With that said, 33% say there are challenges in increasing the automation of credit decisioning and management, mainly with how current automation technologies have not matured yet. The other would be that they face challenges due to legacy technology and systems (26%).
A higher speed of credit decisioning and quicker loan approval rates could provide a vital lifeline for consumers.
In fact, 75% of Australian consumers believe home loan approvals should happen within three days, while 50% expect the approval to take place within 24 hours.
Increased data sources needed
Secondly, a broad spectrum of data sources is needed for a holistic view of customers in order to improve financial inclusion
Improving the use of data and insights in business decision-making has emerged as a top priority for businesses (44%).
However, organizations are not leveraging all the data sources available to them. In fact, 34% of respondents agree that their organization has declined applications from viable customers due to insufficient credit data.

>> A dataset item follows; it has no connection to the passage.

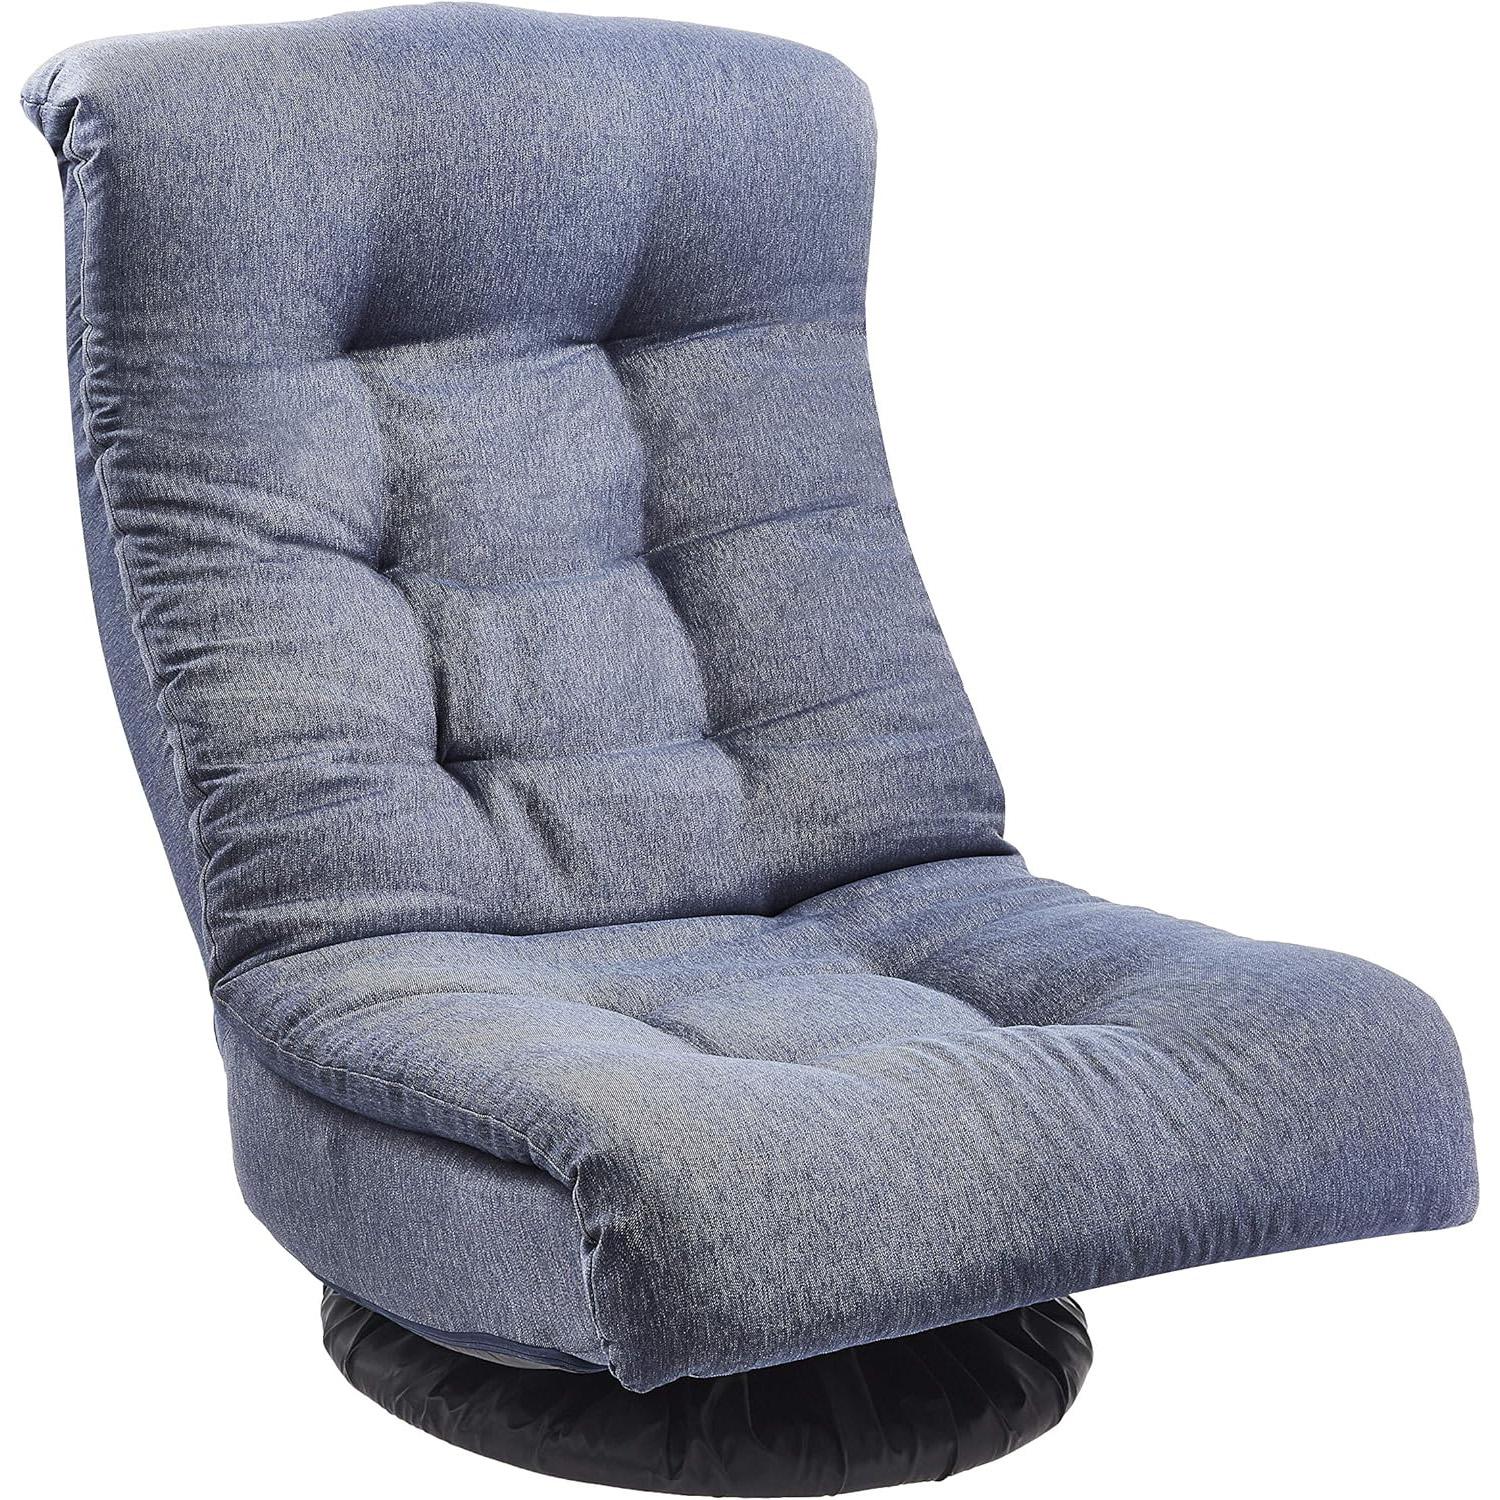 Amazon Basics Swivel Foam Lounge Chair for $98.77 Shipped
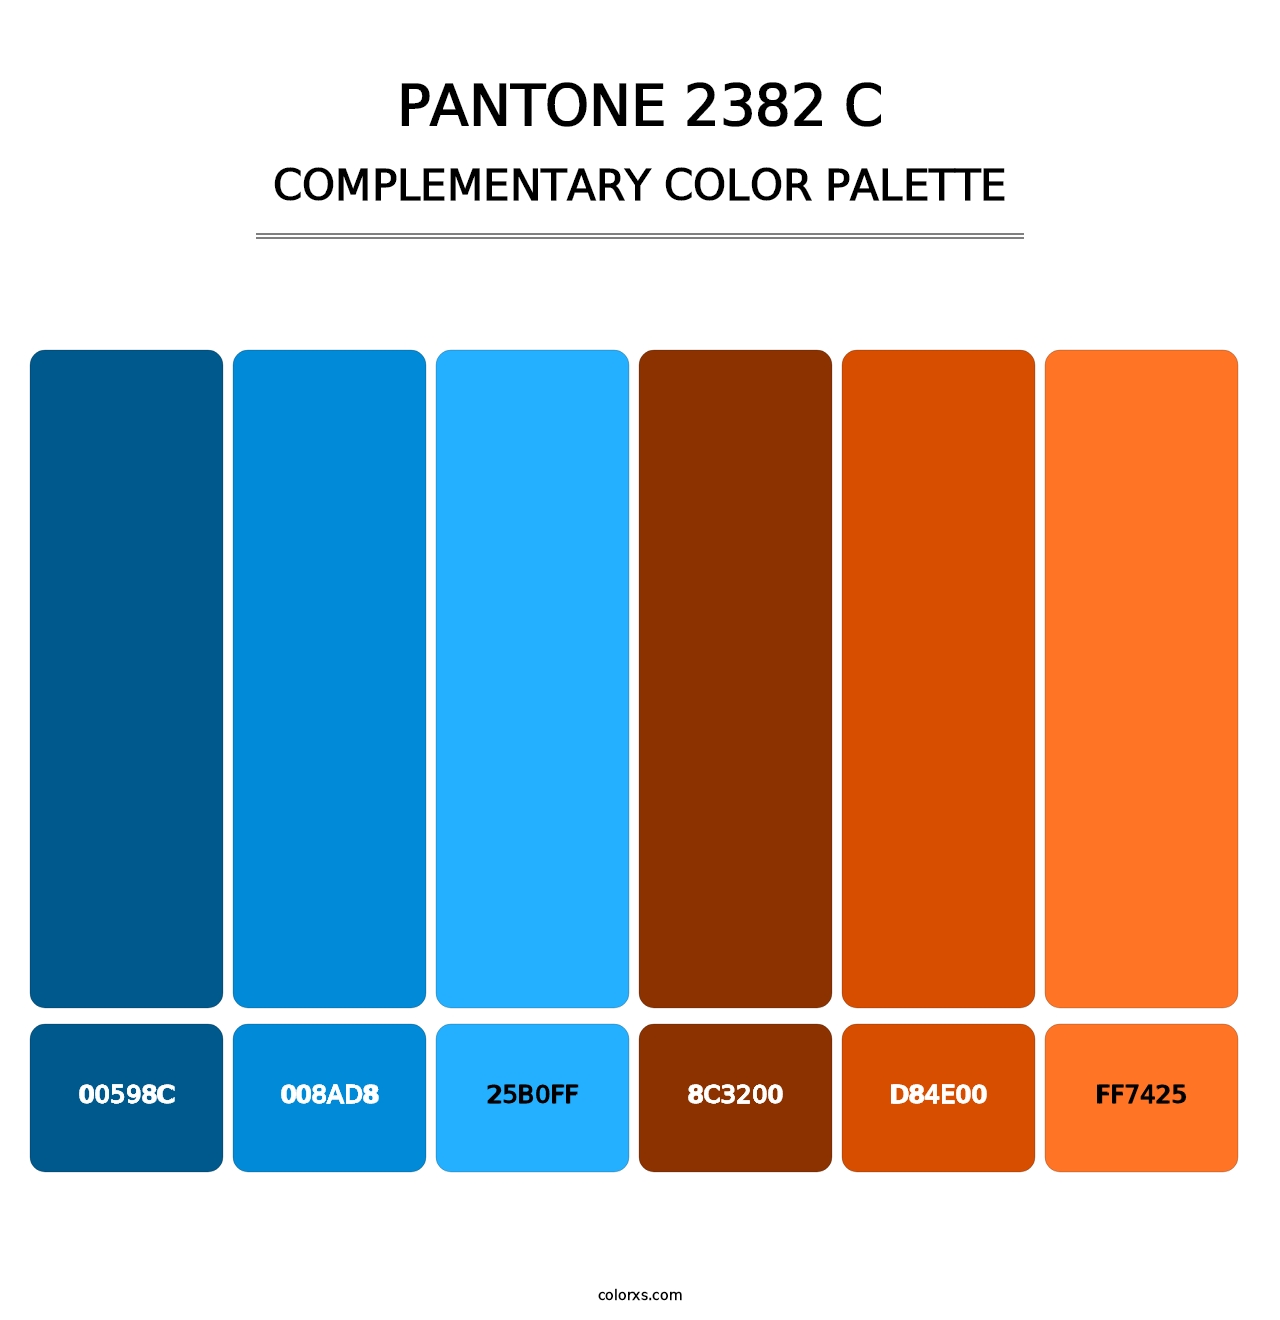 PANTONE 2382 C - Complementary Color Palette

To improve risk assessment and management, lenders will continue to leverage more traditional forms of data such as banking or credit bureau data (41%) and tap on new data sources such as alternative credit data (40%) for credit risk and management over the next 12 months.
Alternative data sources include telco data, consumer data, or e-commerce data, and provide a comprehensive credit profile of a potential customer.
The use of alternative data means lenders can better assess their customers’ creditworthiness, providing them with critical access to credit which could transform their lives for the better.
Today, Buy Now Pay Later platforms are gaining popularity for providing fast and easy credit to more people. While beneficial for the underbanked, if not carefully monitored, BNPL platforms could put consumers at risk of overextending themselves.
Therefore, alternative data is extremely critical in ensuring credit risk assessments are accurate in setting personalized spending limits so that customers spend sustainably and responsibly.
Prioritizing long-term customer relationships
Banks and lenders are also now pushing for an elevated customer experience (CX) as part of strategies to prioritize long-term customer relationships.
As more customers are reached online, there is a lower focus on reducing costs (23%) and more investment in improving online customer engagement to build better relationships.
The study found that businesses thought that improving CX is one of the most important business priorities (43%), alongside growing revenue (42%).
Organizations appear to understand that nurturing strong relationships with customers is essential to building strong brand loyalty.
A 2021 Global Decisioning Report by Experian also showed that 59% of consumers would give a company more business if they felt that they were treated fairly.
It’s clear from the trends we see in fintech that the demand for digital and online banking and financial services will not reduce in the coming years.
Aside from banks, it’s also great to see businesses in APAC ensuring that vulnerable markets are protected enough through sound business decision-making powered by data and analytics.